Foureaux e Geisa se entreolharam, ambos nervosos. Haviam acabado de ver uma mulher descabelada, babando, e com um tipo de máscara verde no rosto. Nada podia ser mais assustador.

- Eu vou me deitar... - falou o garoto, baixinho, notando em seguida que o Mal Supremo já roncava alto enrolada em seus cobertores. Sem forças para revidar, ele se deitou no chão, puxando a almofada do sofá e o tapete para se cobrir. Antes de dormir, Foureaux só conseguia pensar em uma coisa. "Power Rangers...não existem... o.o"
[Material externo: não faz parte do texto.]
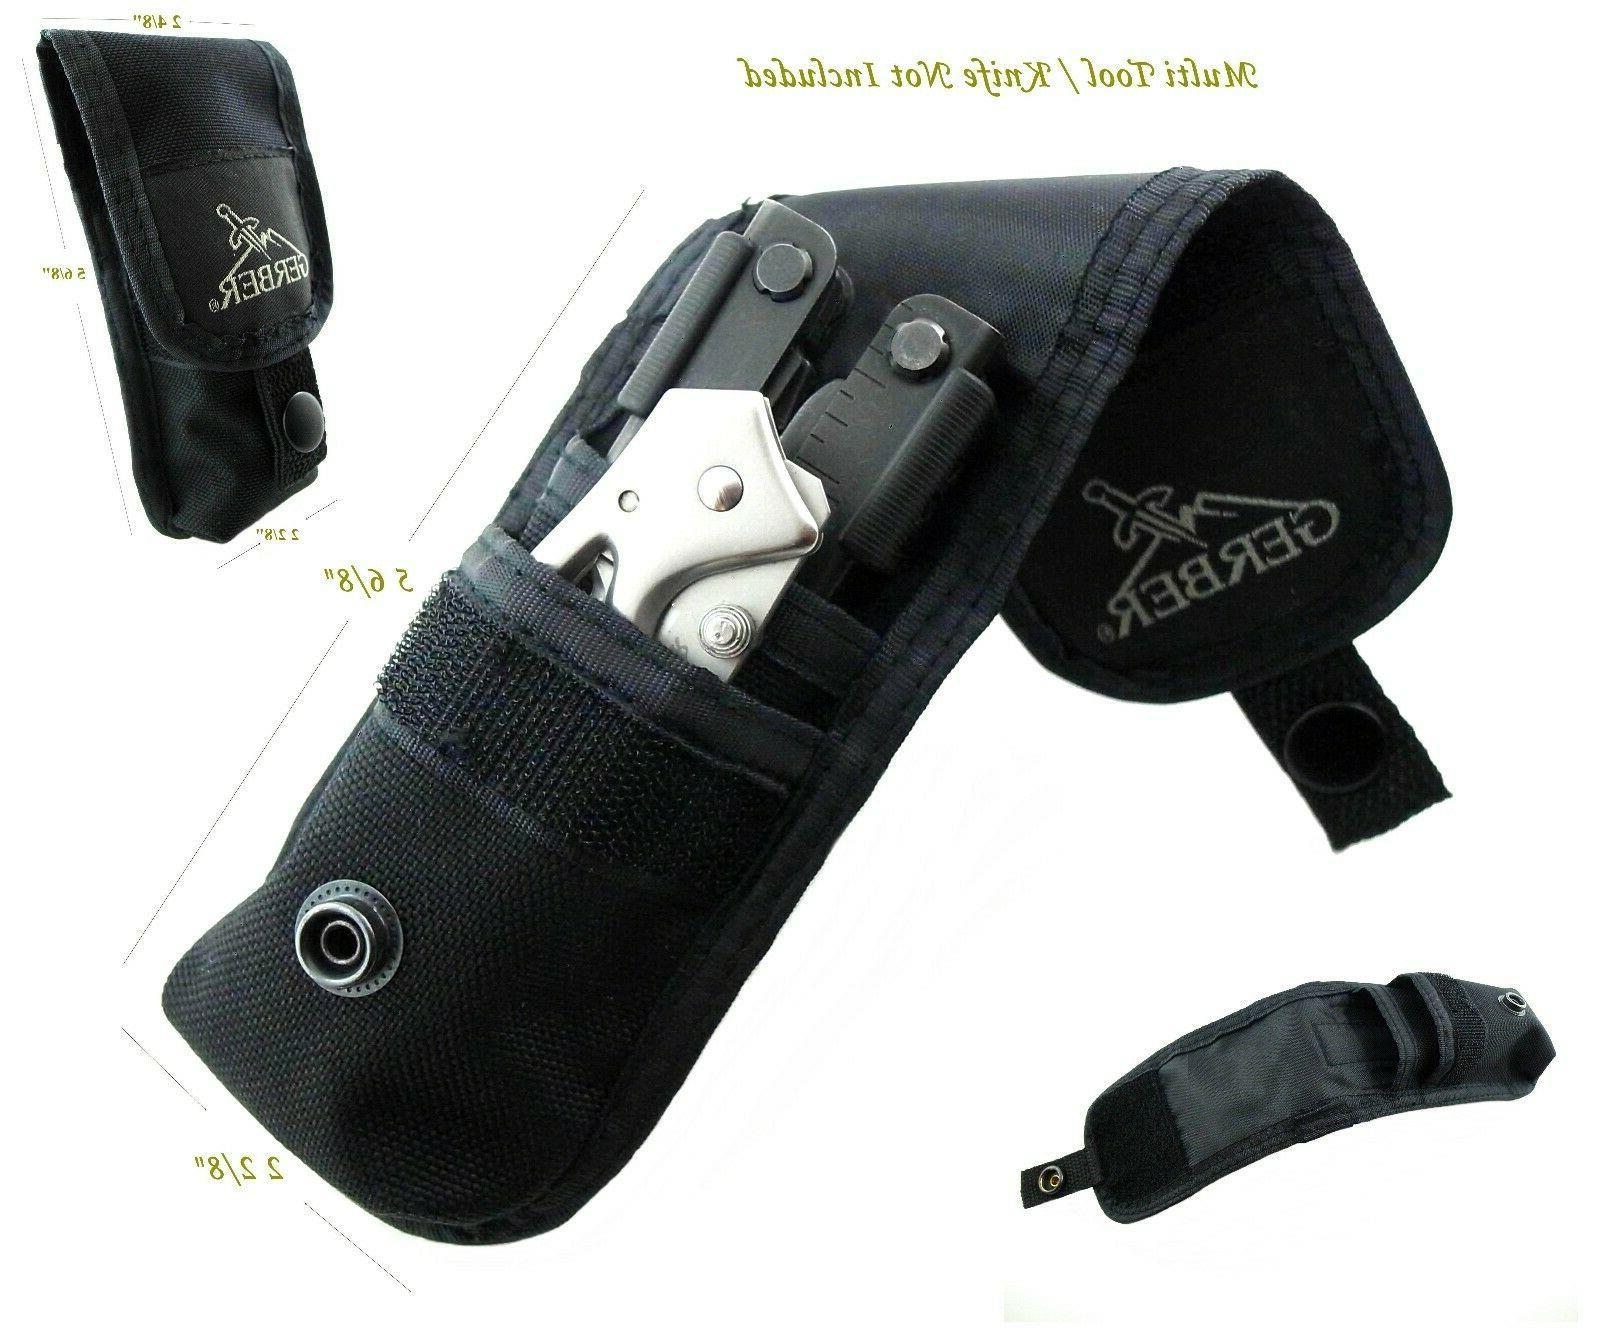 & POUCH/SHEATH FOR MP800, NR
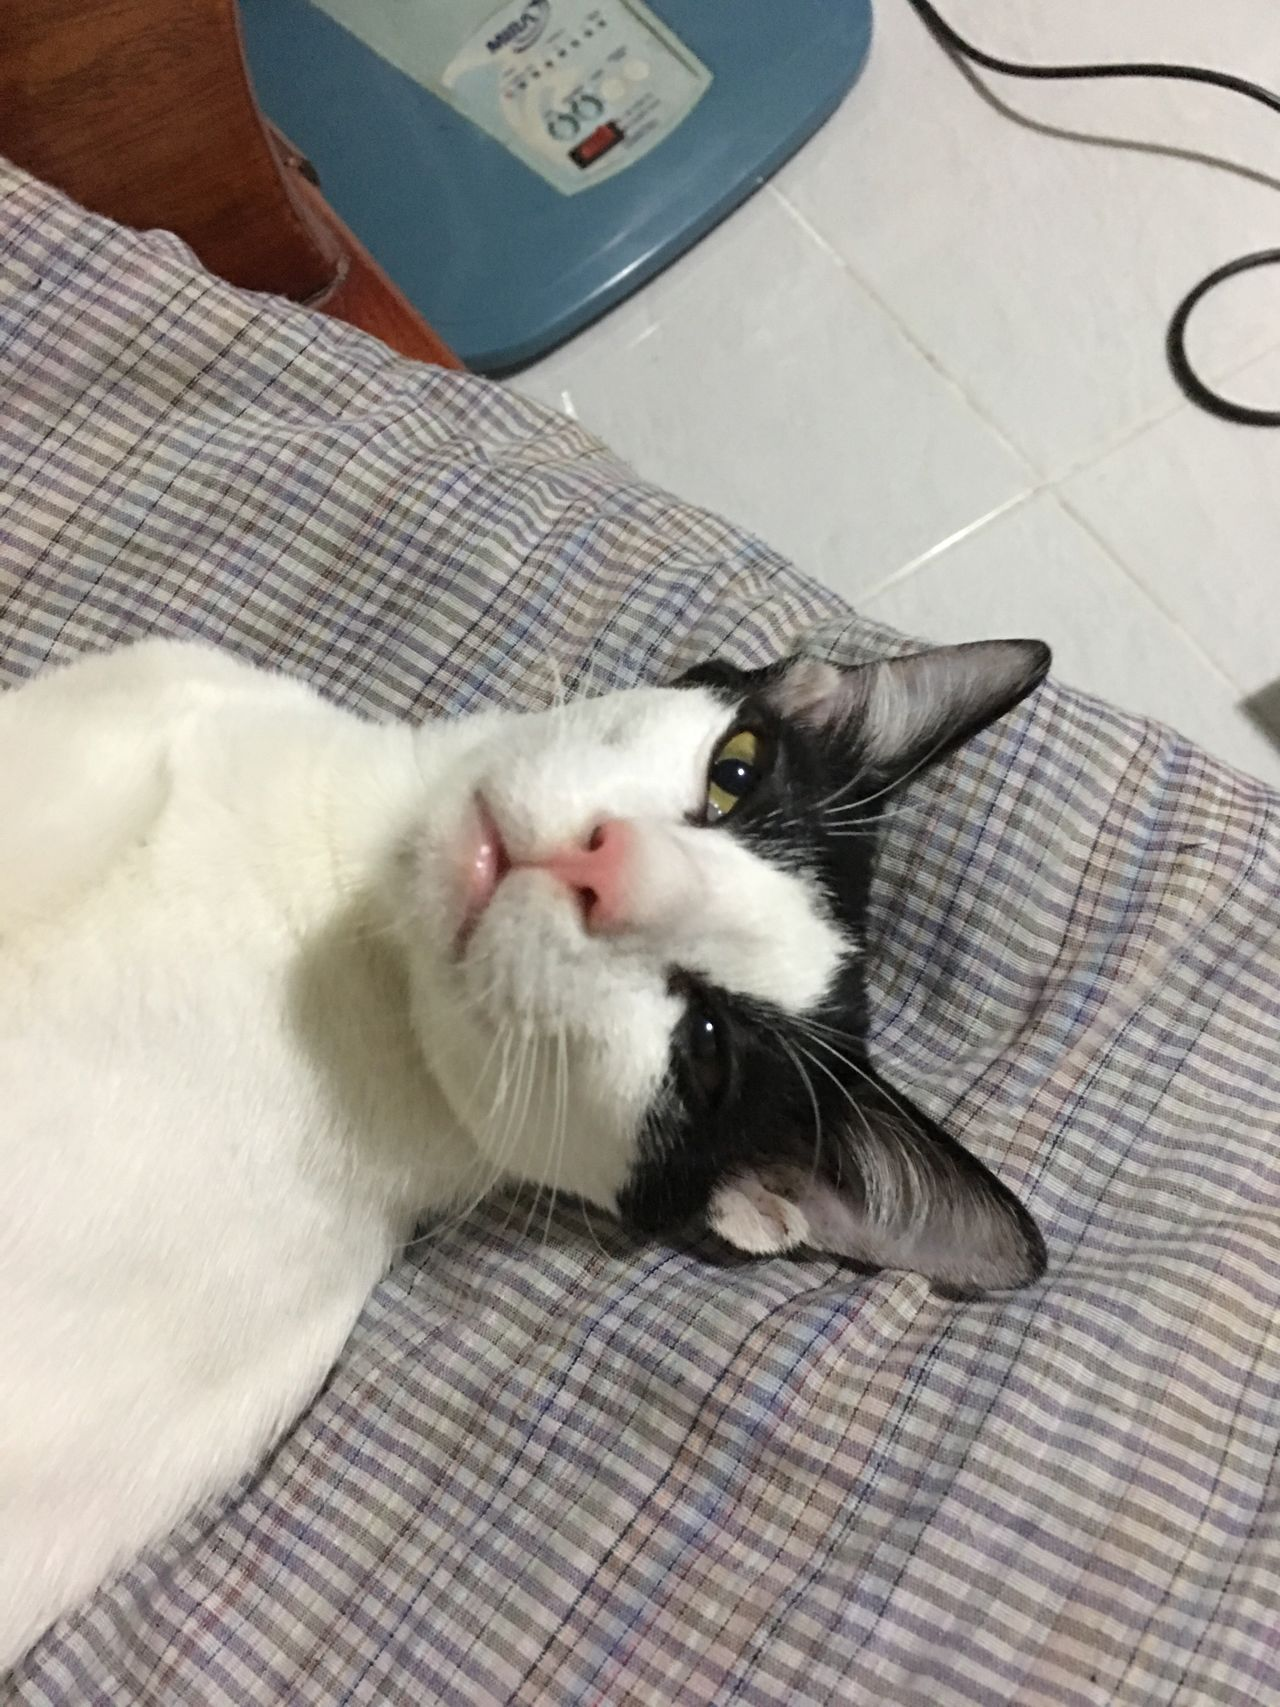 When you are still dizzy after woke up... Cat Dizzy Wake Up Pet Minney EyeEm

Eram cinco da manhã, e o dono do trailer tinha decidido que podia melhorar ainda mais a sua cerca. Dessa vez, voando pela janela, um engradado inteiro de garrafas vazias se tornou parte permanente da obra.

~ Anexo

Foureaux fez psicanálise durante dois anos. O terapeuta acabou se matando após ser convencido pelo garoto de que a vida dele era ainda pior que a do seu paciente. Os pais então procuraram um psiquiatra especialista em casos críticos de depressão. Depois de meros vinte minutos, o psiquiatra diagnosticou Foureaux como "mais um emo", e durante os quarenta minutos restantes da consulta obrigou o garoto a repetir, sem parar, a frase Eu sou feliz. Os únicos resultados foram uma cegueira do olho direito do especialista, causada por uma caneta bem arremessada, e um jovem com trauma de psiquiatras.